A vessel with a capacity of 20 liters (in cubic liters), filled with air at a pressure of 0.4 MPa, is connected

A vessel with a capacity of 20 liters (in cubic liters), filled with air at a pressure of 0.4 MPa, is connected to a vessel from which the air has been removed. In this case, the pressure in both vessels becomes the same and equal to 1.0 * 10 ^ 5 Pa. Determine the capacity of the second vessel.
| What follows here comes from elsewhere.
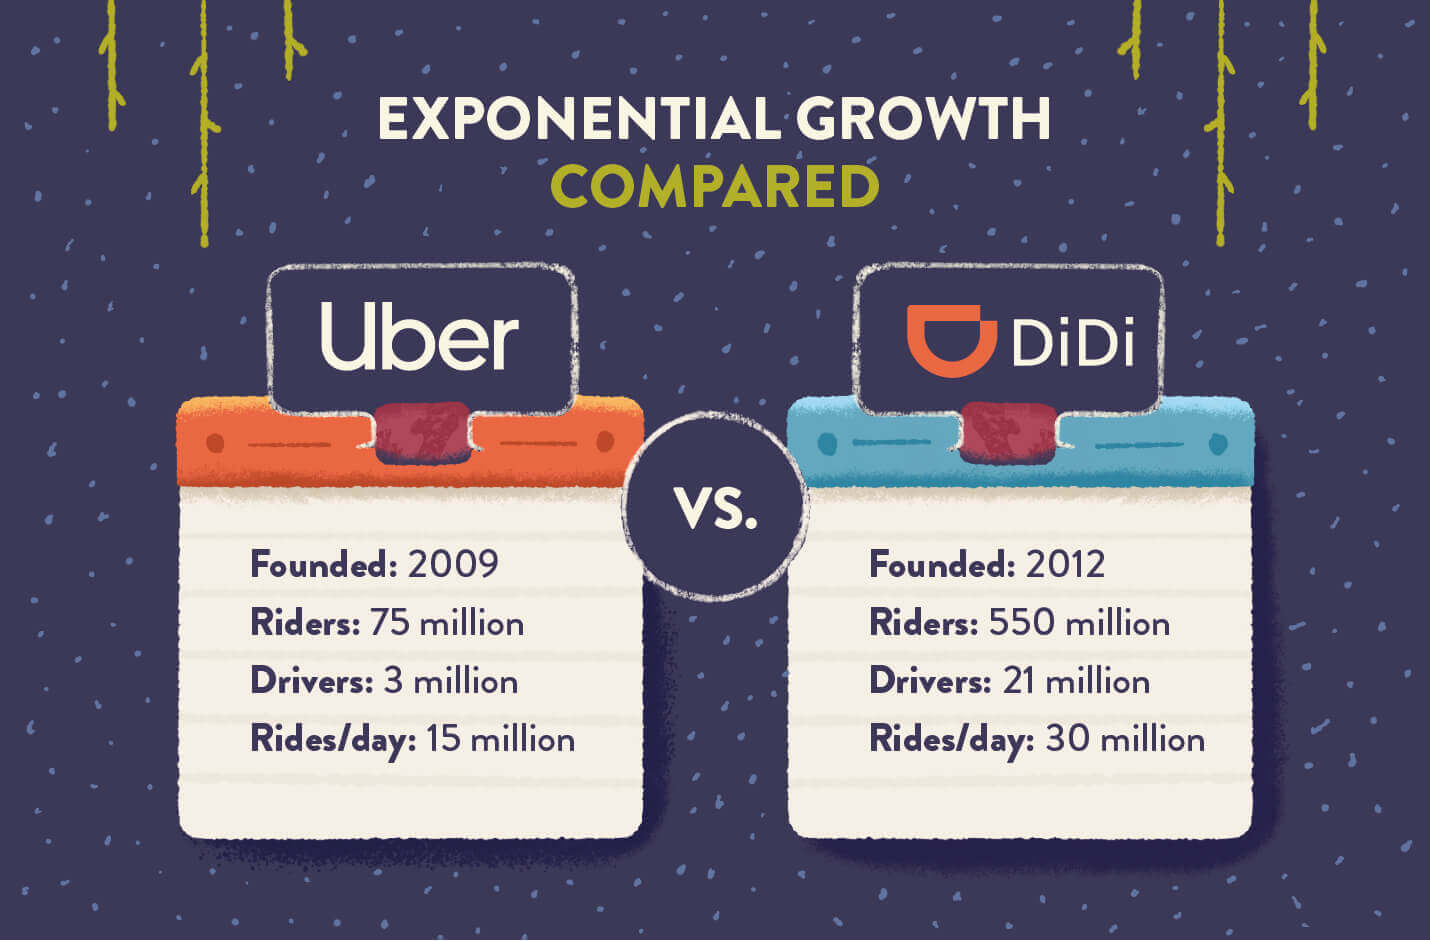 exponential growth comparison between China's DiDi and US Uber on how much these companies have grown

The process is isothermal.

Given:

V1 = 20 liters = 0.02 m ^ 3 – the volume of the first vessel;

P1 = 0.4 MPa = 0.4 * 10 ^ 6 Pascals – initial air pressure;

P2 = 1 * 10 ^ 5 Pascals – pressure after unification of vessels.

It is required to determine the volume of the second vessel V2 (m ^ 3).

Since, according to the condition of the problem, the process is isothermal, then:

P1 * V1 = P2 * (V1 + V2), where V1 + V2 is the total volume after the vessels are combined.

P1 * V1 = P2 * V1 + P2 * V2;

P2 * V2 = V1 * (P1 – P2);

V2 = V1 * (P1 – P2) / P2 = 0.02 * (4 * 10 ^ 5 – 1 * 10 ^ 5) / 1 * 10 ^ 5 =

= 0.02 * 3 * 10 ^ 5/1 * 10 ^ 5 = 0.02 * 3 = 0.06 m ^ 3 (60 liters).

Answer: the volume of the second vessel is 0.06 m ^ 3 (60 liters).